The association between the LRRK2 R1628P variant and the risk of Parkinson’s disease in Asian: a meta-analysis

•We performed a meta-analysis to assess the R1628P polymorphism of LRRK2 in PD.•LRRK2 R1628P variants were increased risk of PD in allelic and dominant model.•The subgroup analysis also showed LRRK2 R1628P was an increased risk factor in PD among Chinese and non-Chinese Asians.

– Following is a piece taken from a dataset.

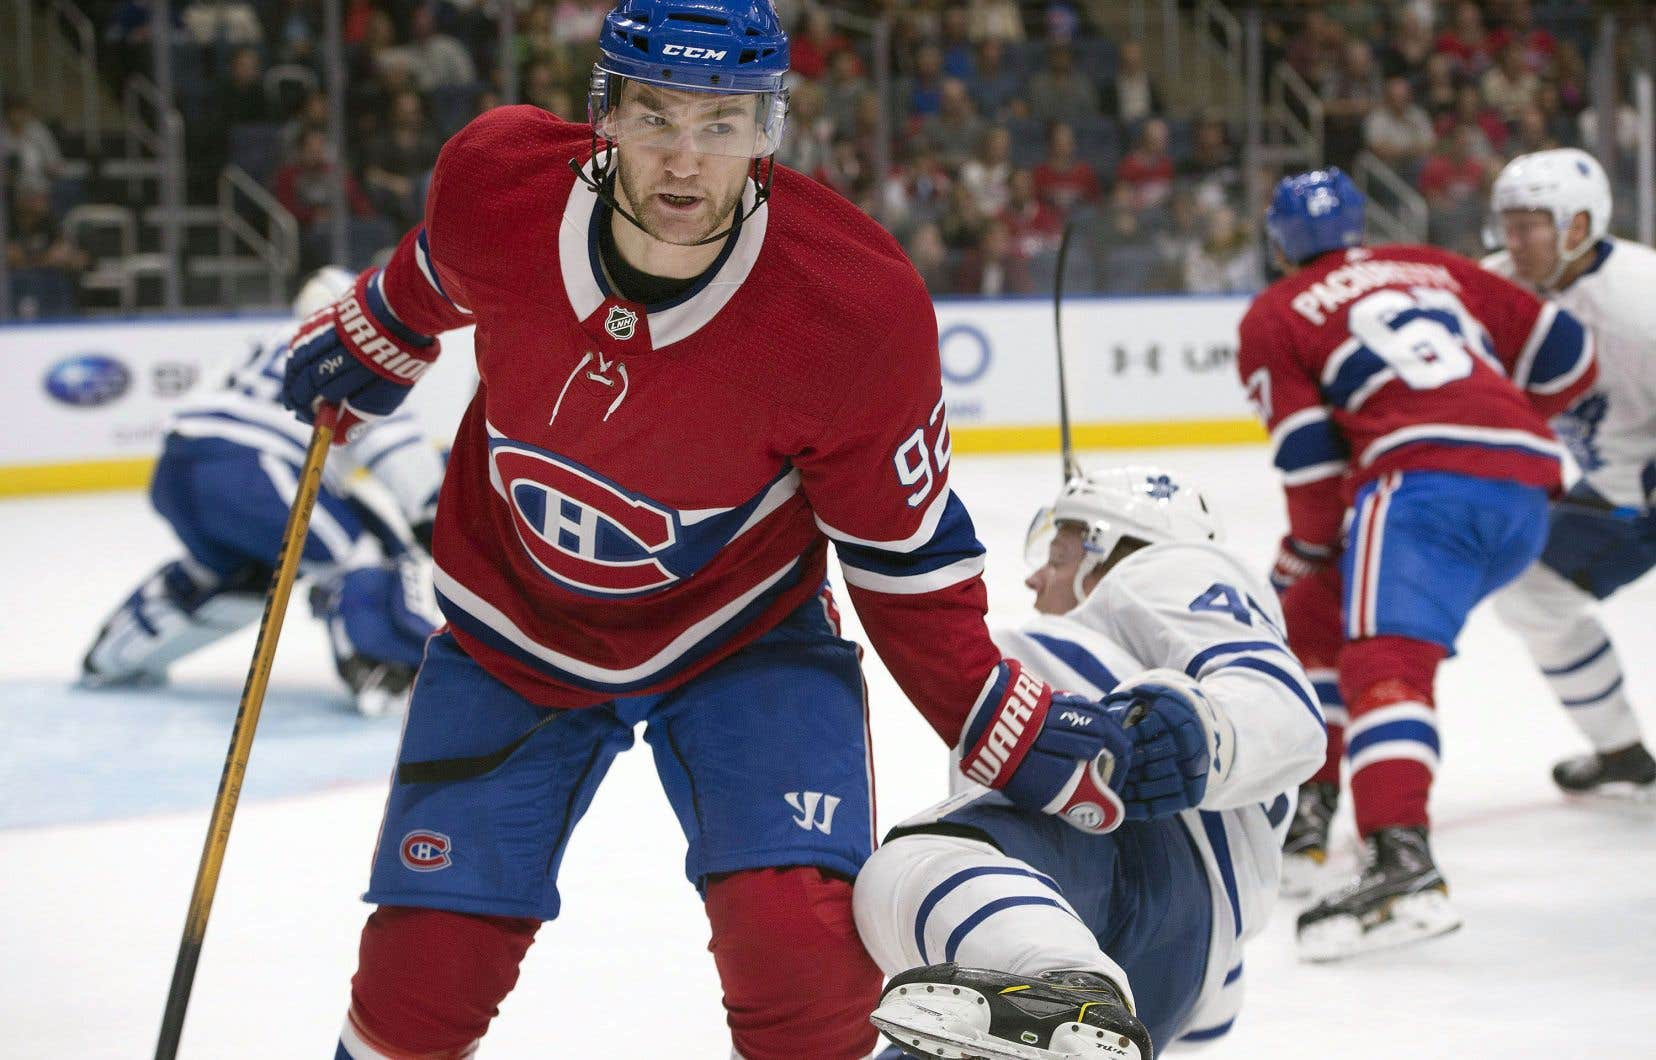 Jonathan Drouin ressort vainqueur du duel contre Miro Aaltonen lors de la rencontre du Canadien contre les Maple Leafs de Toronto, à Québec, mercredi.

Many published case-control studies have investigated the association between Leucine-rich repeat kinase 2(LRRK2) R1628P and the susceptibility of Parkinson’s disease (PD). However, controversial results were obtained. Herein we performed this meta-analysis to assess the association between the LRRK2 R1628P variants and the risk of PD. Up to January of 2016, 5 databases were searched to identify case-control studies involving LRRK2 R1628P variants and PD risk. A total of 5736 PD patients and 4786 controls in 14 case-control studies were included in this meta-analysis. And STATA 12.0 statistics software was used to calculate available data from each study. The pooled odds ratios (OR) and 95% confidence interval (CI) were calculated to assess the genetic association between LRRK2 R1628P polymorphism and the risk of PD. The results indicated that LRRK2 R1628P variants were increased risk of PD when all studies were pooled (C vs. G OR = 1.983, 95% CI 1.640-2.399; GC + CC vs. GG OR = 1.971, 95% CI 1.625–2.391). Moreover, in the subgroup analysis by ethnicity, increased risks were identified among Chinese (GC + CC vs. GG, OR = 1.96, 95% CI 1.60–2.41) as well as in non-Chinese Asian races (GC + CC vs. GG, OR = 2.03, 95% CI 1.13–3.65). Therefore, our results suggest that the C allele, GC and CC genotype of LRRK2 R1628P variants contribute to the susceptibility of PD in Asian.